Pages and frames are the same size, so any page of virtual memory can be loaded into (stored) in any physical frame of RAM.
A process’s pages do not need to be stored in contiguous RAM frames (at a sequence of addresses all next to one another in RAM).
Not every page of virtual address space needs to be loaded into RAM for a process to run.

Figure 5 shows an example of how pages from a process’s virtual address space may map to frames of physical RAM.

virtual memory pages map into physical RAM frames

Figure 5. Paged virtual memory. Individual pages of a process’s virtual address space are stored in RAM frames. Any page of virtual address space can be loaded into (stored at) any frame of physical memory. In this example, P1’s virtual page 1000 is stored in physical frame 100, and its page 500 resides in frame 513. P2’s virtual page 1000 is stored in physical frame 880, and its page 230 resides in frame 102.

Virtual and Physical Addresses in Paged Systems

Paged virtual memory systems divide the bits of a virtual address into two parts: the high-order bits specify the page number on which the virtual address is stored, and the low-order bits correspond to the byte offset within the page (which byte from the top of the page corresponds to the address).

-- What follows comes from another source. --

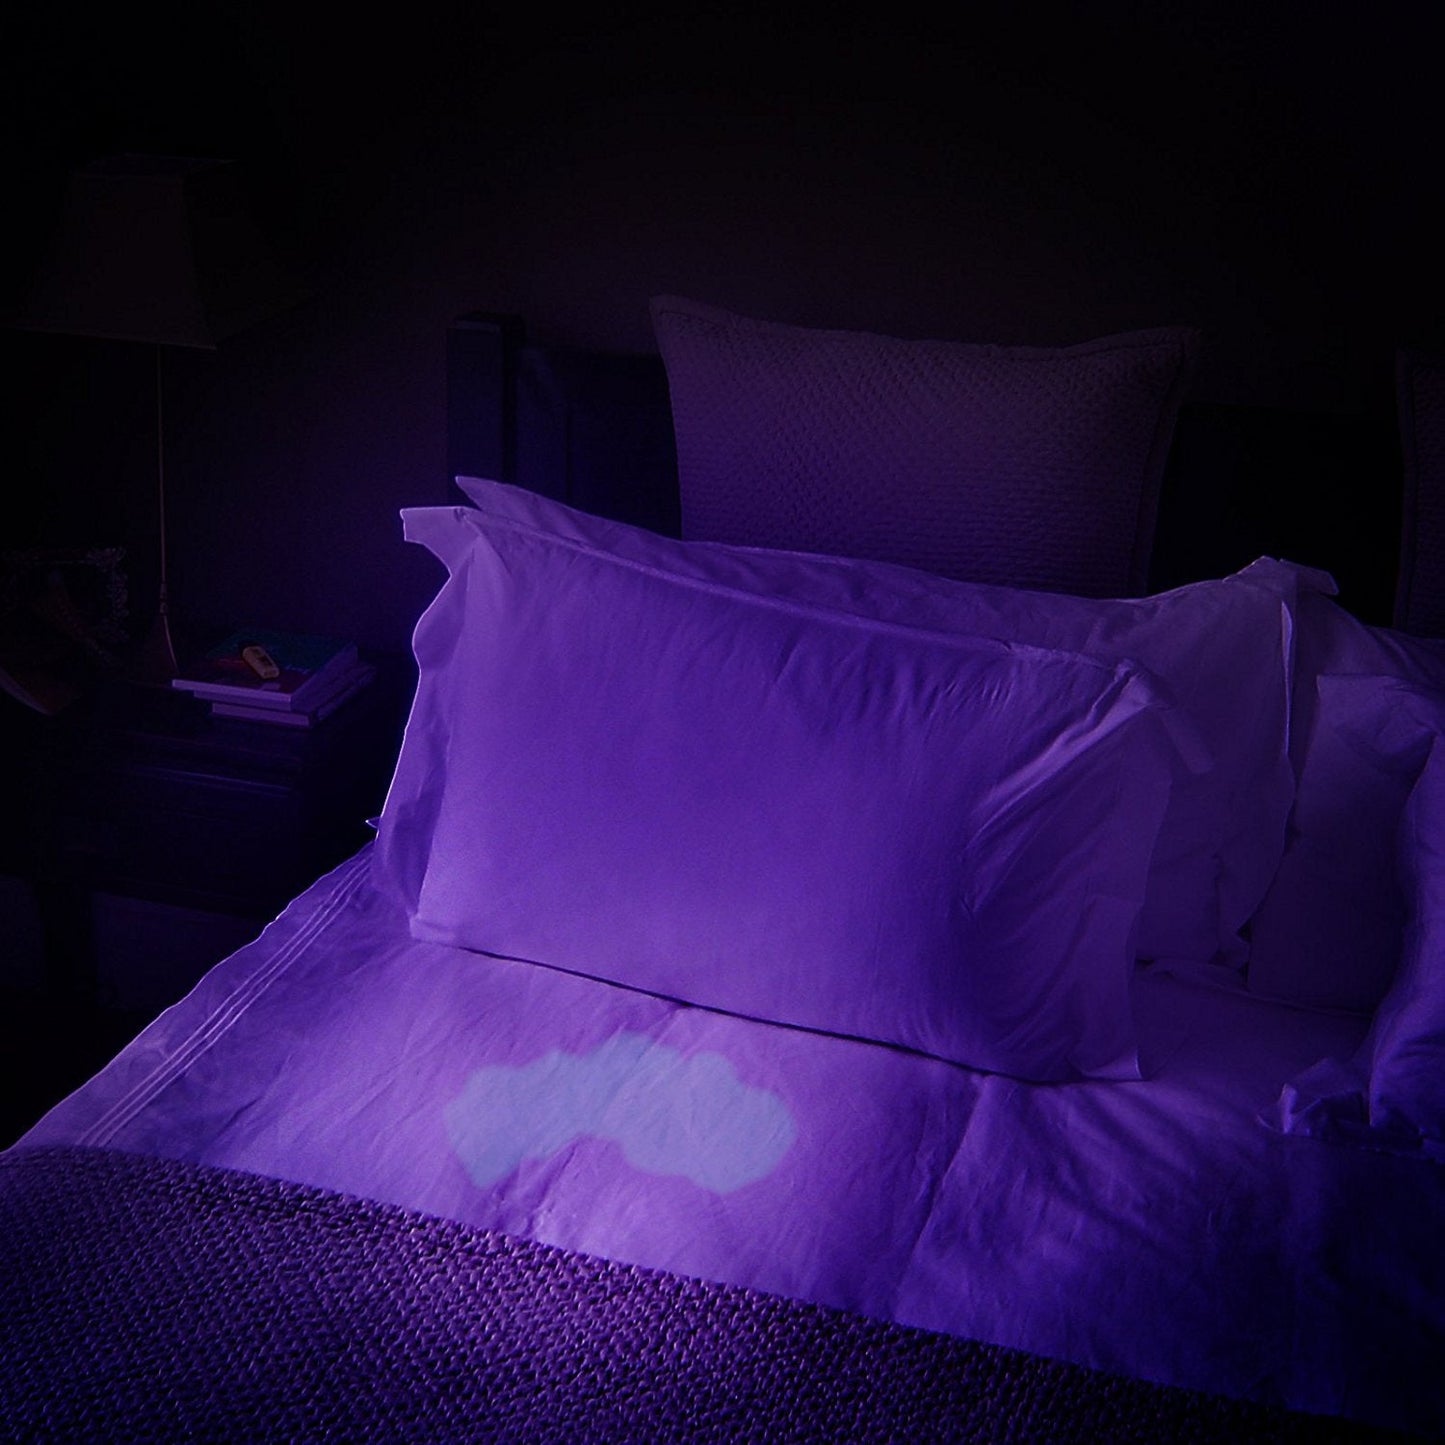 100 LED UV Ultra-Bright Blacklight Flashlight 18W 385-395nm - Silver

Similarly, paging systems divide physical addresses into two parts: the high-order bits specify the frame number of physical memory, and the low-order bits specify the byte offset within the frame. Because frames and pages are the same size, the byte offset bits in a virtual address are identical to the byte offset bits in its translated physical address. Virtual addresses differ from their translated physical addresses in their high-order bits, which specify the virtual page number and physical frame number.

Figure 6. The address bits in virtual and physical addresses

For example, consider a (very tiny) system with 16-bit virtual addresses, 14-bit physical addresses, and 8-byte pages. Because the page size is eight bytes, the low-order three bits of physical and virtual addresses define the byte offset into a page or frame — three bits can encode eight distinct byte offset values, 0-7 (2³ is 8). This leaves the high-order 13 bits of the virtual address for specifying the page number and the high-order 11 bits of the physical address for specifying frame number, as shown in the example in Figure 7.

Figure 7. Virtual and physical address bit divisions in an example system with 16-bit virtual addresses, 14-bit physical addresses, and a page size of 8 bytes.

In the example in Figure 7, virtual address 43357 (in decimal) has a byte offset of 5 (0b101 in binary), the low-order 3 bits of the address, and a page number of 5419 (0b1010100101011), the high-order 13 bits of the address. This means that the virtual address is at byte 5 from the top of page 5419.

If this page of virtual memory is loaded into frame 43 (0b00000101011) of physical memory, then its physical address is 349 (0b00000101011101), where the low-order 3 bits (0b101) specify the byte offset, and the high-order 11 bits (0b00000101011) specify the frame number. This means that the physical address is at byte 5 from the top of frame 43 of RAM.

Page Tables for Virtual-to-Physical Page Mapping

Because every page of a process’s virtual memory space can map to a different frame of RAM, the OS must maintain mappings for every virtual page in the process’s address space. The OS keeps a per-process page table that it uses to store the process’s virtual page number to physical frame number mappings. The page table is a data structure implemented by the OS that is stored in RAM. Figure 8 shows an example of how the OS may store two process’s page tables in RAM. The page table of each process stores the mappings of its virtual pages to their physical frames in RAM such that any pages of virtual memory can be stored in any physical frame of RAM.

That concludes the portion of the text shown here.